"My Lands Are Where My Dead Lie Buried."

(Tashuncahuitco a/k/a Crazy Horse)


According to a website promoting tourism in South Dakpta, "the history of the Black Hills is short and turbulent. In fact, dinosaur bones and some ancient archaeological sites from prehistory are the only hard evidence of happenings prior to 1700. The first trace of modern civilization dates from 1743 when New World explorers claimed the region for France." This ain't necessarily so.

The website goes on to tell how "Sioux Indian tribes achieved dominance of Dakota in the 1780s and there was a brief but legendary Fur Trade Era that flourished between 1817 and 1857" and that "homesteading, settlement and railroading were well underway in eastern South Dakota in 1857, but the Black Hills remained an unknown wilderness of Indian Country."

That view is a matter of perspective. However, it is true that in 1874 General George Armstrong Custer led a force of one thousand men into the Lakota lands to investigate reports that there was gold in the land and they found it in the Black Hills. By 1876 prospectors and miners were claiming the land and, soon, gold worth up to $300,000 per haul was being transported out in “Treasure Coaches.” 

Outlaws joined the prospectors and miners in the invasion of the Great Sioux Reservation which had been established in 1868 in the Fort Laramie Treaty; a treaty signed by the United States and Lakota and Northern Cheyenne leaders.

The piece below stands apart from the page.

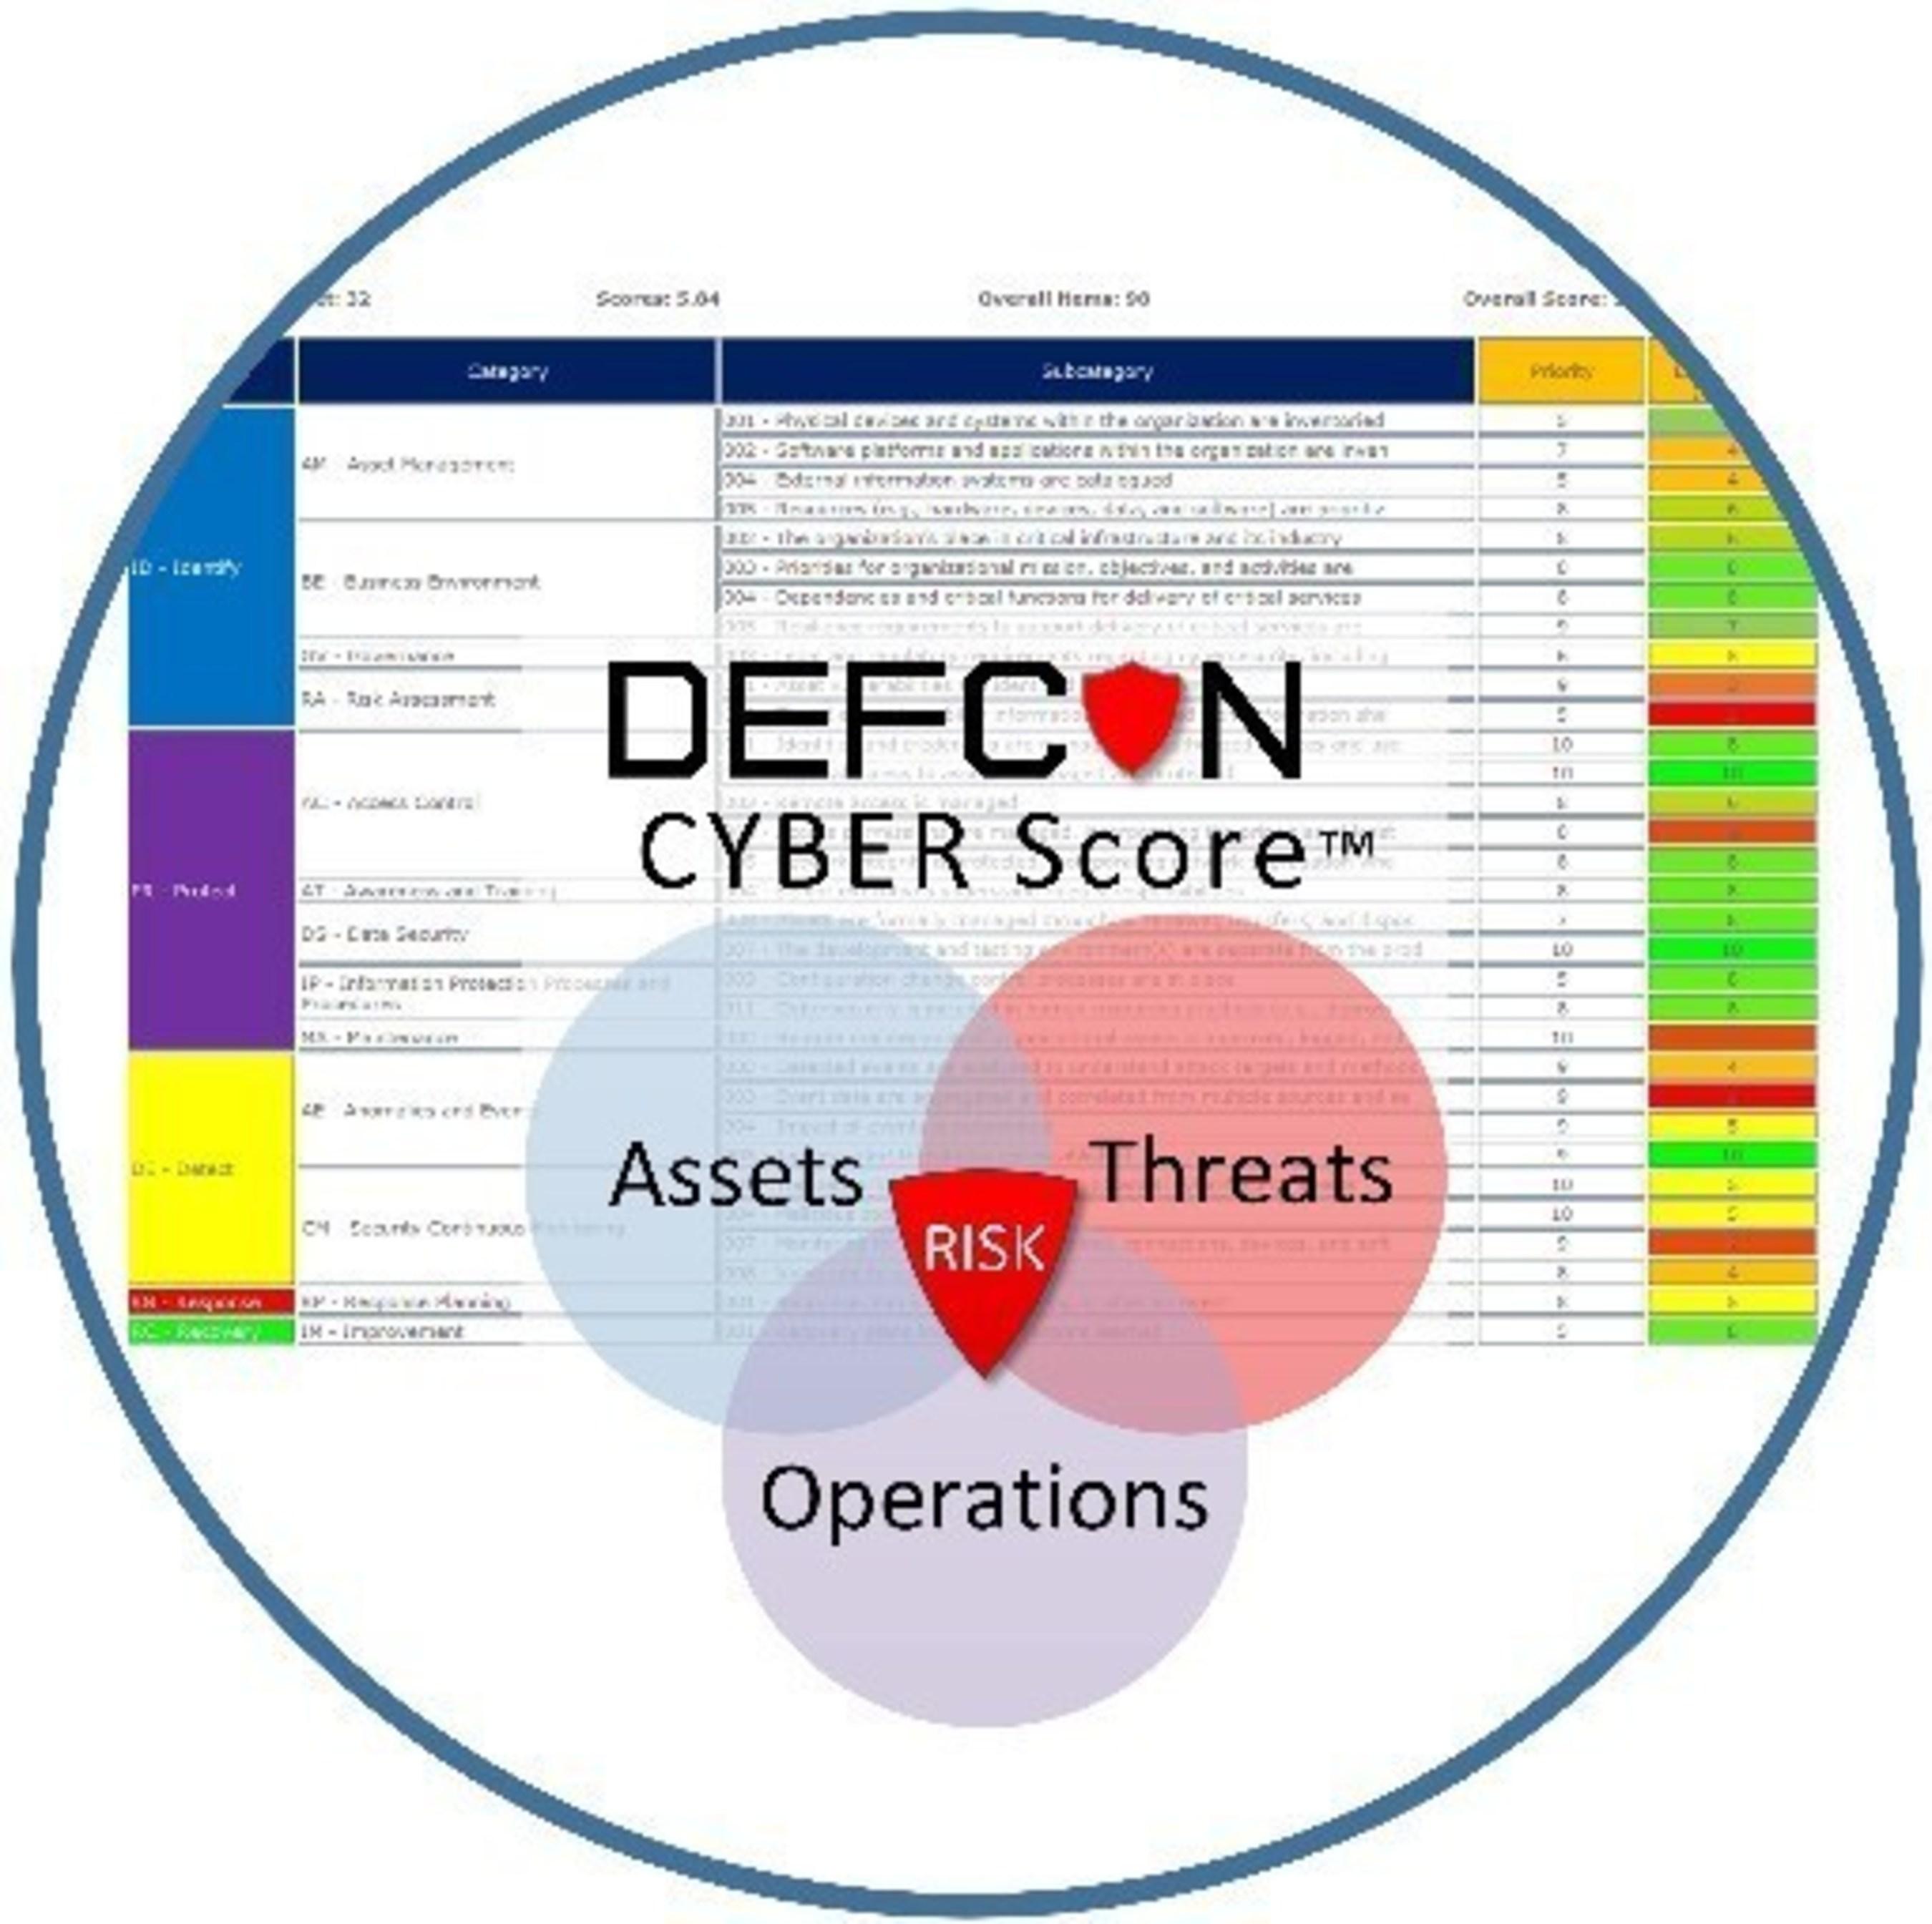 DEFCON CYBER™ Scores YOUR Risk Posture based on NIST

No longer able, or perhaps, willing to enforce the treaty, the U.S. government met with Native American leaders in Washington D.C. in 1875 hoping to re-negotiate the treaty that had followed what is known as Red Cloud’s War.

President Grant was under pressure to resolve the issues.The delegation was told that Congress was willing to pay $25,000 for their land and that their people would be allowed to relocate to “Indian Territory” (present-day Oklahoma). The delegates refused the offer. "You speak of another country,” Spotted Tail said, “but it is not my country. It does not concern me and I want nothing to do with it. I was not born there. If it’s such a good country, you ought to send the white men now in our country there and let us alone."

The long war continued.  


Where Are My Lands?

"A very great vision is needed and the man who has it must follow it as the eagle seeks the deepest blue of the sky. I was hostile to the white man...we preferred hunting to a life of idleness on our reservations. At times we did not get enough to eat and we were not allowed to hunt. All we wanted was peace and to be left alone. Soldiers came and destroyed our villages. Then Long Hair (Custer) came...They say we massacred him, but he would have done the same to us. Our first impulse was to escape but we were so hemmed in we had to fight...The Red Nation shall rise again and it shall be a blessing for a sick world. A world filled with broken promises, selfishness and separations. A world longing for light again. I see a time of Seven Generations when all the colors of mankind will gather under the Sacred Tree of Life and the whole Earth will become one circle again." ((Tashuncahuitco a/k/a Crazy Horse, killed 1877)  

Note: No fully authenticated photo of Crazy horse exists. The above photo is often said to be the most likely.